The first museum near this site was opened on May 10, 1952. Called the Heritage Museum of Krapina, it showcased the total history of the area, beginning with select prehistoric Neanderthal finds, and up to the Yugoslav Partisans. By 1966, two more exhibitions were added: the family pictures of Dr. Ljudevit and the ethnography exhibition. During this time, there was no museum dedicated specially to the Neanderthals.

The idea of a specialized museum was first brought forward in 1999. As the adaptation and renovation of already existing structures appeared to be more expensive than building a new one, the idea of making a new one from the ground up was accepted. As such, by 2002. work on the new museum began.
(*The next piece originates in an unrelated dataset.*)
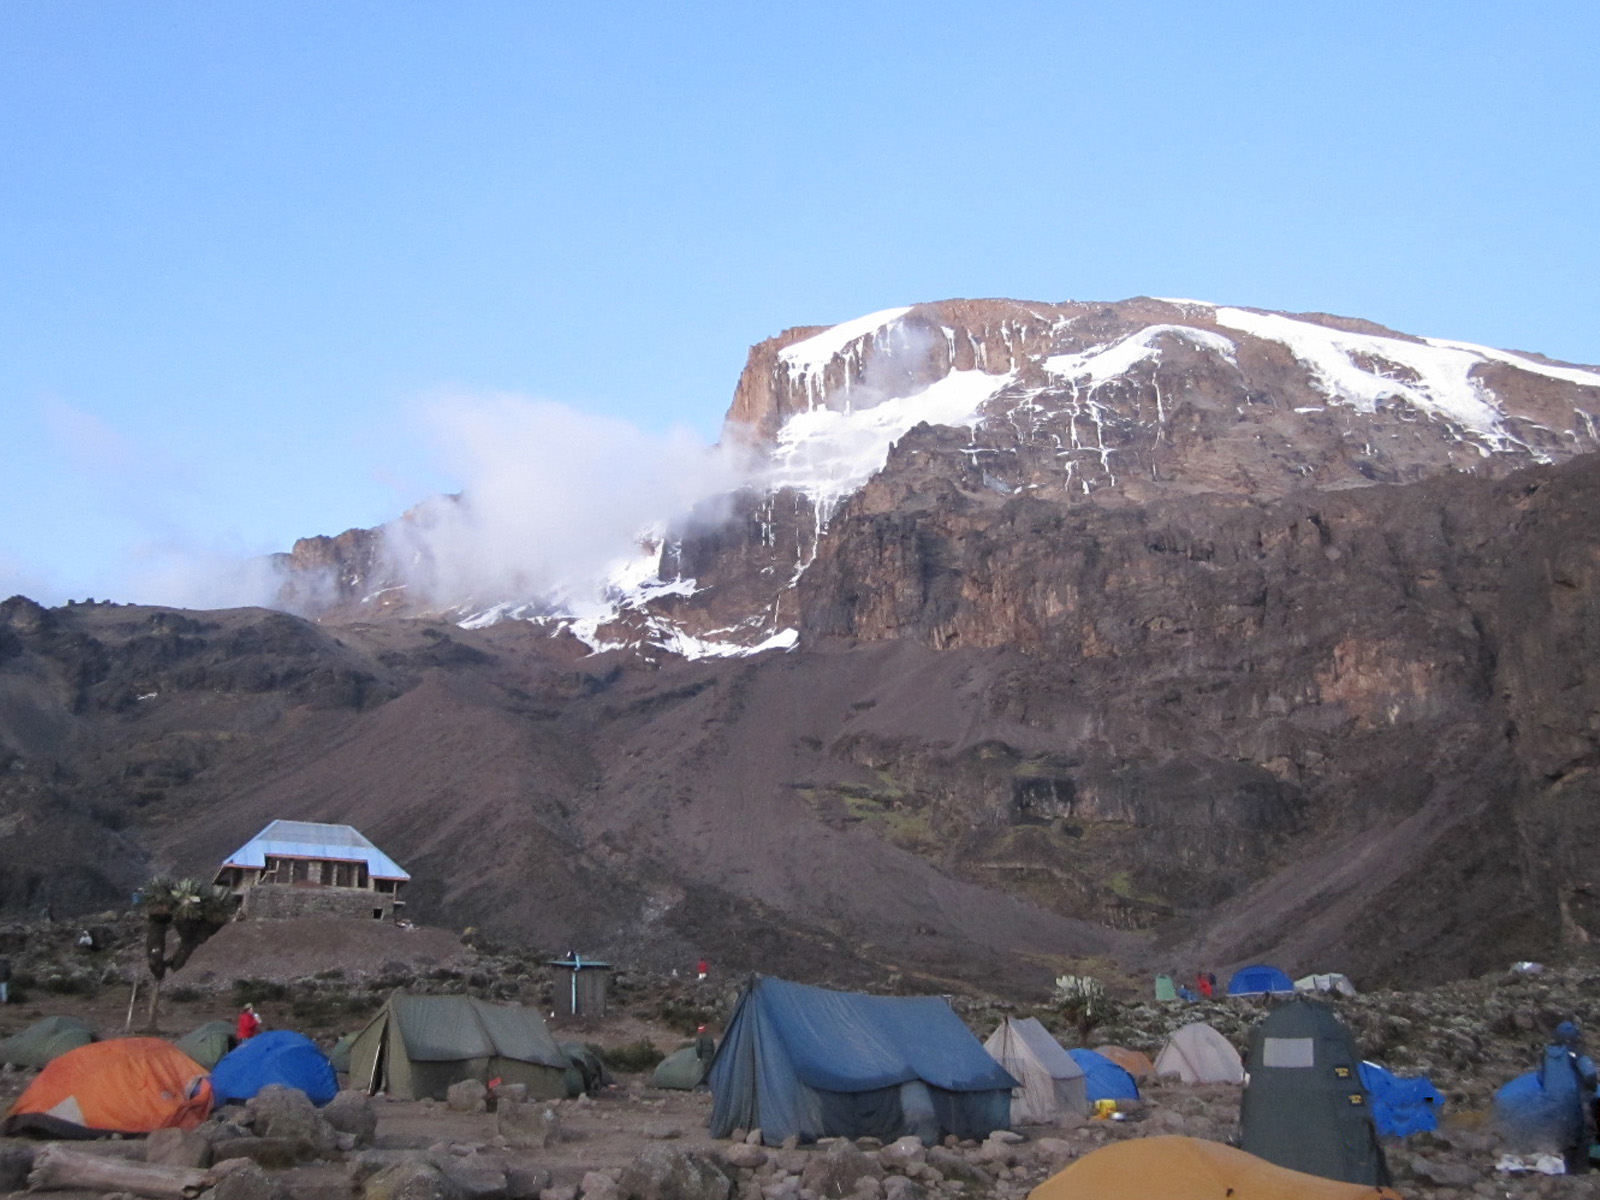 04-Barranco-Camp (1)

The new museum was completed in 2010. It was built into a small hill, with the majority of the building front being made of glass. The entrance to the building opens up into a large oval atrium of grey concrete, the opposite of which is a broad screen which continuously plays documentary films on Krapina Neanderthals. The passage up to the second floor is of a circular shape, with museum pieces being placed in the open space, as well as along the painted walls.

==Material culture==
1191 lithic artifacts were discovered during the century of research at the site, and were found in all ten geologic levels as defined by Gorjanović-Kramberger. Stone tools are most common in levels 3 and 8, which are the levels in which the hominid fossils were found as well.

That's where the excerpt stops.